● MATERIAL FOR THIS EXERCISE:
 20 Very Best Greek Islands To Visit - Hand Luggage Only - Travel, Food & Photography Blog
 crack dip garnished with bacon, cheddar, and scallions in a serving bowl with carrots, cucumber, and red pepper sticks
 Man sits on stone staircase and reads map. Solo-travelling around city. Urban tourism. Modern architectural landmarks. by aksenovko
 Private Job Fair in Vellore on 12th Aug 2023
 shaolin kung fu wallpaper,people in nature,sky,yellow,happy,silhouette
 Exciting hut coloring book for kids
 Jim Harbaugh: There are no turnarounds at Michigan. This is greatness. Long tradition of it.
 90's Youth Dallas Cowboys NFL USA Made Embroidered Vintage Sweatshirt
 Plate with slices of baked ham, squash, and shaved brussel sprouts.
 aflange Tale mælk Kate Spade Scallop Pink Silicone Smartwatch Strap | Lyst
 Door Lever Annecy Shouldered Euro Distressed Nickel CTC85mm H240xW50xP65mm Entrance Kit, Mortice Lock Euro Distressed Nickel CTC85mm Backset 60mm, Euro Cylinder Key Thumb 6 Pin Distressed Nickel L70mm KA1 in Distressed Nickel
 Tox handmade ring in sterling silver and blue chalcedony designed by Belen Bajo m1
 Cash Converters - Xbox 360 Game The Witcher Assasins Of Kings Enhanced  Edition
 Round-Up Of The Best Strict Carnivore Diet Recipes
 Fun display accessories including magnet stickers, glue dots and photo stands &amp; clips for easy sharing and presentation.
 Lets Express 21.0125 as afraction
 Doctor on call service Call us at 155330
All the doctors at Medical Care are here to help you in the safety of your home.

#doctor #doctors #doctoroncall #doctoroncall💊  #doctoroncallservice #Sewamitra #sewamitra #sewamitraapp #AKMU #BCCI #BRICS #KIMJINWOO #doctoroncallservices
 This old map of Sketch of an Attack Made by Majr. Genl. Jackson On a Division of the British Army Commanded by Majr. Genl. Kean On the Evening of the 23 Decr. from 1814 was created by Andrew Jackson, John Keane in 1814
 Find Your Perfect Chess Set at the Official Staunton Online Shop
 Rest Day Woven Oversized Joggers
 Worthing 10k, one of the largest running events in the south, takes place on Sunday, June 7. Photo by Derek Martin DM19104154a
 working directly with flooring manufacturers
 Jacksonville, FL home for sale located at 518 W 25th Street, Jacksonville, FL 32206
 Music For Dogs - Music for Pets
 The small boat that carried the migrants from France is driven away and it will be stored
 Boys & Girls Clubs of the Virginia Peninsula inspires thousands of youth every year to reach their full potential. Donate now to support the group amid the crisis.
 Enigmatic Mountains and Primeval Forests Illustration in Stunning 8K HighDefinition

● DIRECTIONS: Return exactly the lines of the listing that run from the one containing "All the doctors" through the last, and no others.

● TASK RESULT:
All the doctors at Medical Care are here to help you in the safety of your home.

#doctor #doctors #doctoroncall #doctoroncall💊  #doctoroncallservice #Sewamitra #sewamitra #sewamitraapp #AKMU #BCCI #BRICS #KIMJINWOO #doctoroncallservices
 This old map of Sketch of an Attack Made by Majr. Genl. Jackson On a Division of the British Army Commanded by Majr. Genl. Kean On the Evening of the 23 Decr. from 1814 was created by Andrew Jackson, John Keane in 1814
 Find Your Perfect Chess Set at the Official Staunton Online Shop
 Rest Day Woven Oversized Joggers
 Worthing 10k, one of the largest running events in the south, takes place on Sunday, June 7. Photo by Derek Martin DM19104154a
 working directly with flooring manufacturers
 Jacksonville, FL home for sale located at 518 W 25th Street, Jacksonville, FL 32206
 Music For Dogs - Music for Pets
 The small boat that carried the migrants from France is driven away and it will be stored
 Boys & Girls Clubs of the Virginia Peninsula inspires thousands of youth every year to reach their full potential. Donate now to support the group amid the crisis.
 Enigmatic Mountains and Primeval Forests Illustration in Stunning 8K HighDefinition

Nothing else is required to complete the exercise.